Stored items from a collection
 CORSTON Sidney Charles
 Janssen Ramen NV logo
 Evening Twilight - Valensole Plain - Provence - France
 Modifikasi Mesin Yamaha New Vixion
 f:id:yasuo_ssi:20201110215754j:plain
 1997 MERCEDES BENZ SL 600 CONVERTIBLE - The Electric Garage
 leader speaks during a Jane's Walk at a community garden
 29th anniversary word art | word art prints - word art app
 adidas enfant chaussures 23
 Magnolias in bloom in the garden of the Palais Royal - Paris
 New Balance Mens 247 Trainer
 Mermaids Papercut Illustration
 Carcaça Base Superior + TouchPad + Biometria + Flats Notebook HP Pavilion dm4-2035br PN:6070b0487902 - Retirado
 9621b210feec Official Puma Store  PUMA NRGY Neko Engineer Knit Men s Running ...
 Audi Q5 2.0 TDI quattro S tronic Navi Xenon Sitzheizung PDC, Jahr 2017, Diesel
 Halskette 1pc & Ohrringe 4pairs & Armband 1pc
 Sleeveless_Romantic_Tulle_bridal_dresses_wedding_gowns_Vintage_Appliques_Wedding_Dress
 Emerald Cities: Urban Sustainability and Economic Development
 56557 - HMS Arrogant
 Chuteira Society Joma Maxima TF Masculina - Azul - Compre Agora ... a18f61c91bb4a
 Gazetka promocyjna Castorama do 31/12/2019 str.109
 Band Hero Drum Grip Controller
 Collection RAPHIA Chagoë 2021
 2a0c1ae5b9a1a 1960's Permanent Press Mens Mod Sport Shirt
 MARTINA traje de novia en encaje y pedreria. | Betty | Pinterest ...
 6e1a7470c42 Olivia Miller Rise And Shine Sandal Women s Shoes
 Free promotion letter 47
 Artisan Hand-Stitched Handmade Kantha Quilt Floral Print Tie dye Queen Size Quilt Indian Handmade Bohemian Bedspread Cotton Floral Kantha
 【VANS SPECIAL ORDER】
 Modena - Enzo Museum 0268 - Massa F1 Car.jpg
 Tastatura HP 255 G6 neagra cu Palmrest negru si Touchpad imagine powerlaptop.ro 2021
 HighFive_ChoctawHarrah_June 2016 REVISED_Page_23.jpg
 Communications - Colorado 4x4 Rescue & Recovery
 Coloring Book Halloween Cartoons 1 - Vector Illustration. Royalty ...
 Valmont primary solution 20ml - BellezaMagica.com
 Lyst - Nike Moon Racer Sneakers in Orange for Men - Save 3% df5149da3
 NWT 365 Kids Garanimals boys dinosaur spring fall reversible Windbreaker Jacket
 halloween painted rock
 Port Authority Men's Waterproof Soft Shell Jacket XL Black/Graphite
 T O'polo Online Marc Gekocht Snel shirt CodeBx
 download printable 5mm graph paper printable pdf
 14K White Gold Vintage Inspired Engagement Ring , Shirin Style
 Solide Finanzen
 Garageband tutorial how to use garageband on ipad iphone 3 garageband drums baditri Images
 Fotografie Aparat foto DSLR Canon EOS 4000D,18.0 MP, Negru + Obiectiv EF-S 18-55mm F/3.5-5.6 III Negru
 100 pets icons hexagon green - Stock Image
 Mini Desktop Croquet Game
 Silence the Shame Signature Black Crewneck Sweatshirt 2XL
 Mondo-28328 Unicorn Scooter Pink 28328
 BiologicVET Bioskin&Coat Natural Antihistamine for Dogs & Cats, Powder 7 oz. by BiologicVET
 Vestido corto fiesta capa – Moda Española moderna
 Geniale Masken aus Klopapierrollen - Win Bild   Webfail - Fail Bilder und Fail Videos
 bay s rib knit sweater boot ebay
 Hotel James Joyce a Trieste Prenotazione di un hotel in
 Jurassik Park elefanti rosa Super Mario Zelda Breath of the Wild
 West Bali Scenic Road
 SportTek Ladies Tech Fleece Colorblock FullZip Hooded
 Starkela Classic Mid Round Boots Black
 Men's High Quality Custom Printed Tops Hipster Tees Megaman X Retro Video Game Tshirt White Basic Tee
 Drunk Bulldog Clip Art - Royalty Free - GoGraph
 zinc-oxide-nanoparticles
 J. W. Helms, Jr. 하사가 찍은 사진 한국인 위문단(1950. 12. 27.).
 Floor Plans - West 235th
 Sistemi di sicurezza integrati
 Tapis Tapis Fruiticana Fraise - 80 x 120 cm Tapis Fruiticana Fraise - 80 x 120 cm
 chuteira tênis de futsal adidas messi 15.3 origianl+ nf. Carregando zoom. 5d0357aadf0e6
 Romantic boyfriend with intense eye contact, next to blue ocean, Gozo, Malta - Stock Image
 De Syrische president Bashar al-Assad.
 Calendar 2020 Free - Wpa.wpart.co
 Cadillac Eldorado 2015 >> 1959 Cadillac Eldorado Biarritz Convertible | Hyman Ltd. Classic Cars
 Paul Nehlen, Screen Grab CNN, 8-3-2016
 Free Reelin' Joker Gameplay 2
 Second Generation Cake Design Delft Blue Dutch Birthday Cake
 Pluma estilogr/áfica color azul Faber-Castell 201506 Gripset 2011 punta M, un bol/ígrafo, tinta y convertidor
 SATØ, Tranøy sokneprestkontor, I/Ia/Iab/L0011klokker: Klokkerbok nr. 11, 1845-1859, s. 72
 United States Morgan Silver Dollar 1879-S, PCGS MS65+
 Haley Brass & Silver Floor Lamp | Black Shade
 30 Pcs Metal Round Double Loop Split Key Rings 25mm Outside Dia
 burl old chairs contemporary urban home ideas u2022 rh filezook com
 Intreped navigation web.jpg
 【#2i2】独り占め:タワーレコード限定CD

> _Exercise objective_:
Scan the lines above, and whenever one holds the string "West", copy it.

> _Result of the task_:
 West Bali Scenic Road
 Floor Plans - West 235th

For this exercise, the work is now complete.